*Available records*
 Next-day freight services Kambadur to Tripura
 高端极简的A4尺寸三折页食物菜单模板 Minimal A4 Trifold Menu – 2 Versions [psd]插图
==
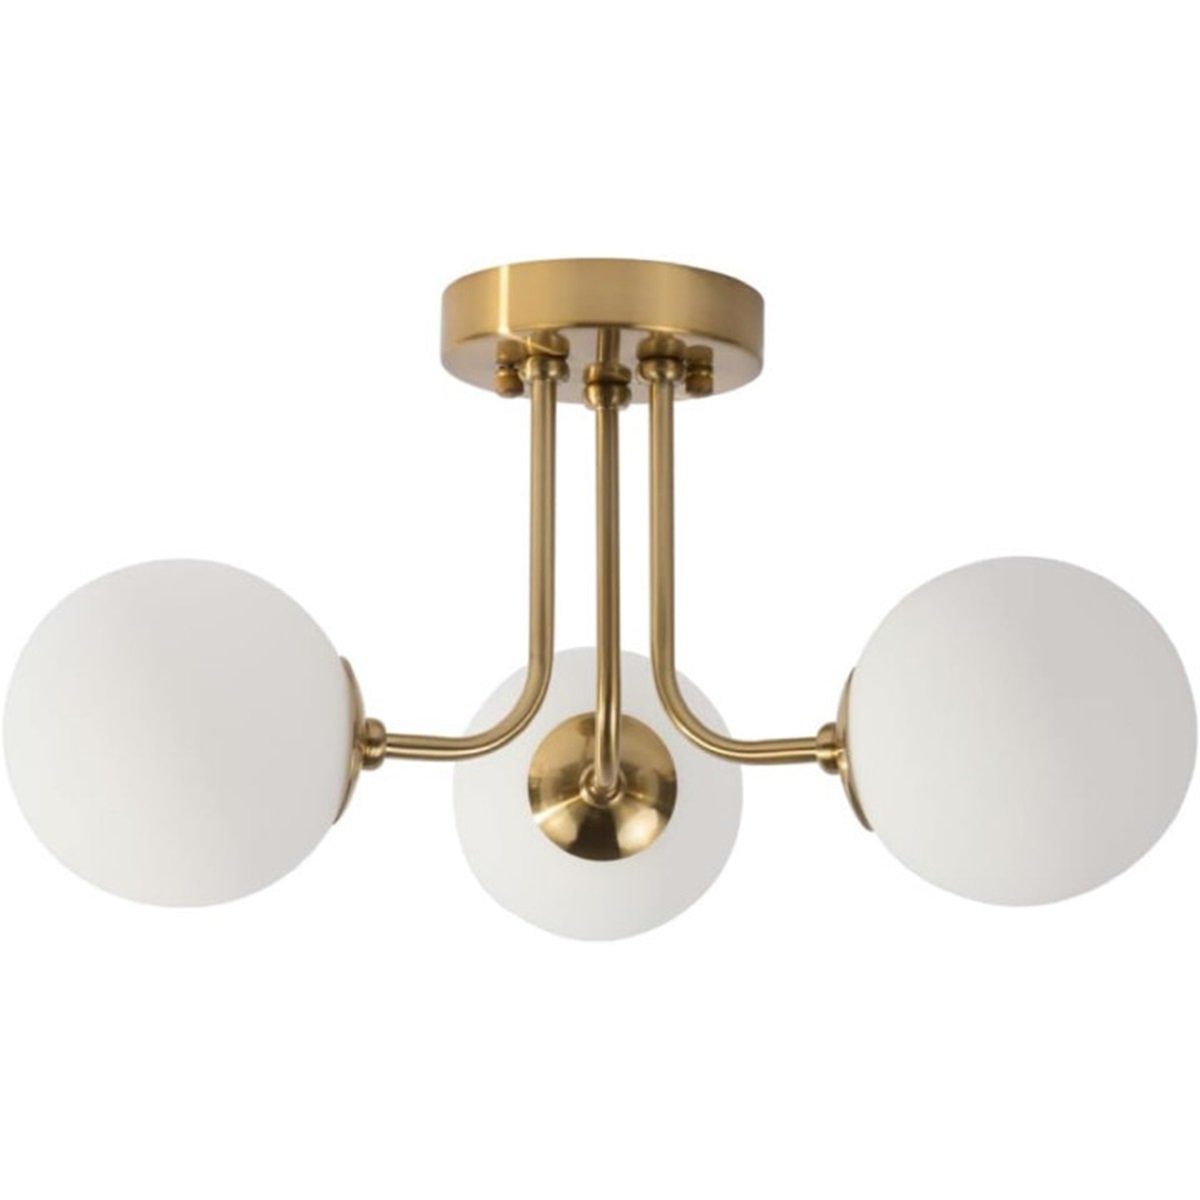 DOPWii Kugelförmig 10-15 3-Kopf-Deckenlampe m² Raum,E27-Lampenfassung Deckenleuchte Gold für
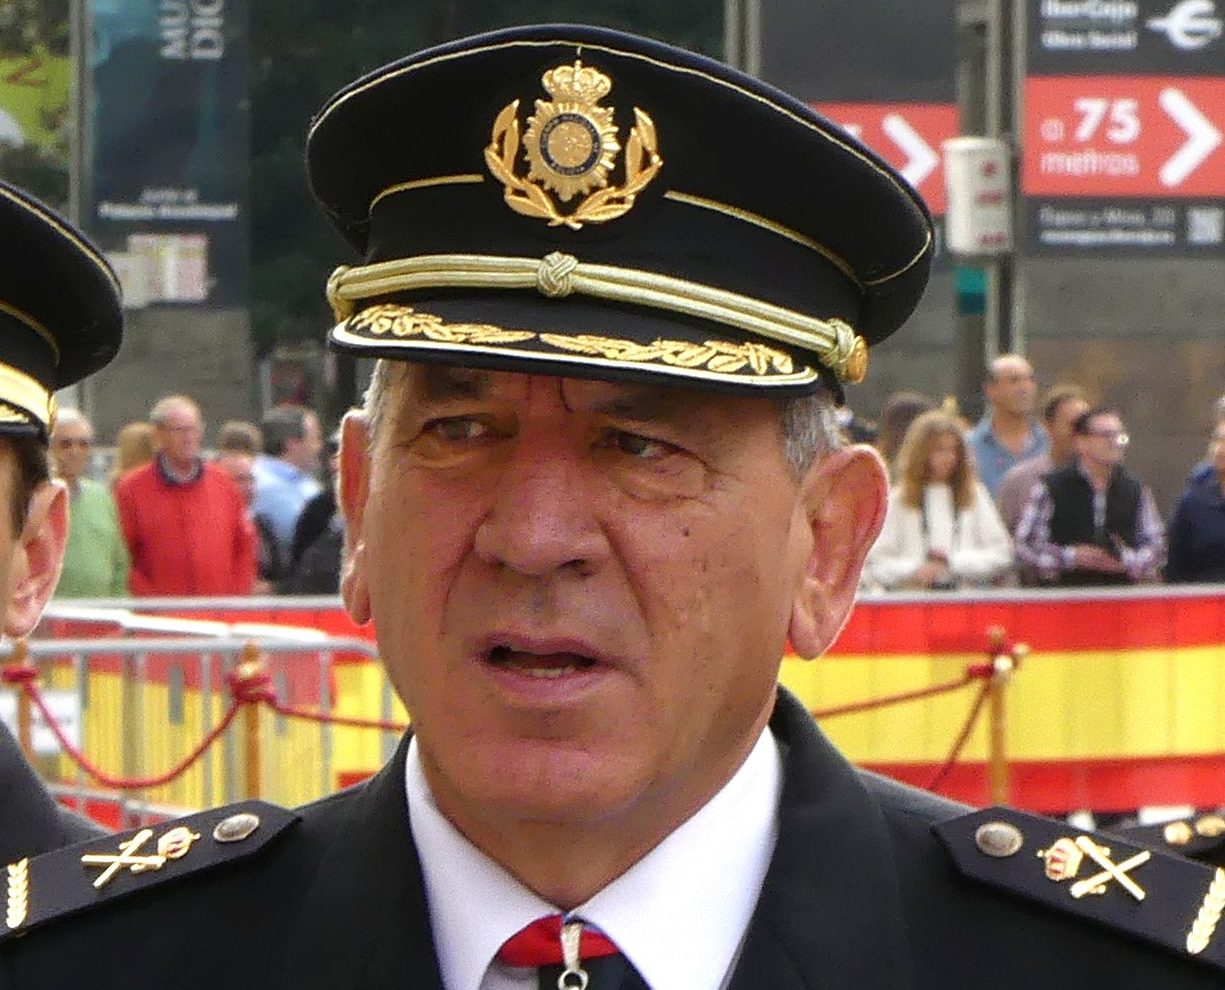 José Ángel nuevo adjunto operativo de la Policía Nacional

*Goal of the exercise*
Using the entries above, return exactly the lines from the line with "Next-day freight services" to the line with "高端极简的A4尺寸三折页食物菜单模板 Minimal A4", counting both of those lines.

*Answer*
 Next-day freight services Kambadur to Tripura
 高端极简的A4尺寸三折页食物菜单模板 Minimal A4 Trifold Menu – 2 Versions [psd]插图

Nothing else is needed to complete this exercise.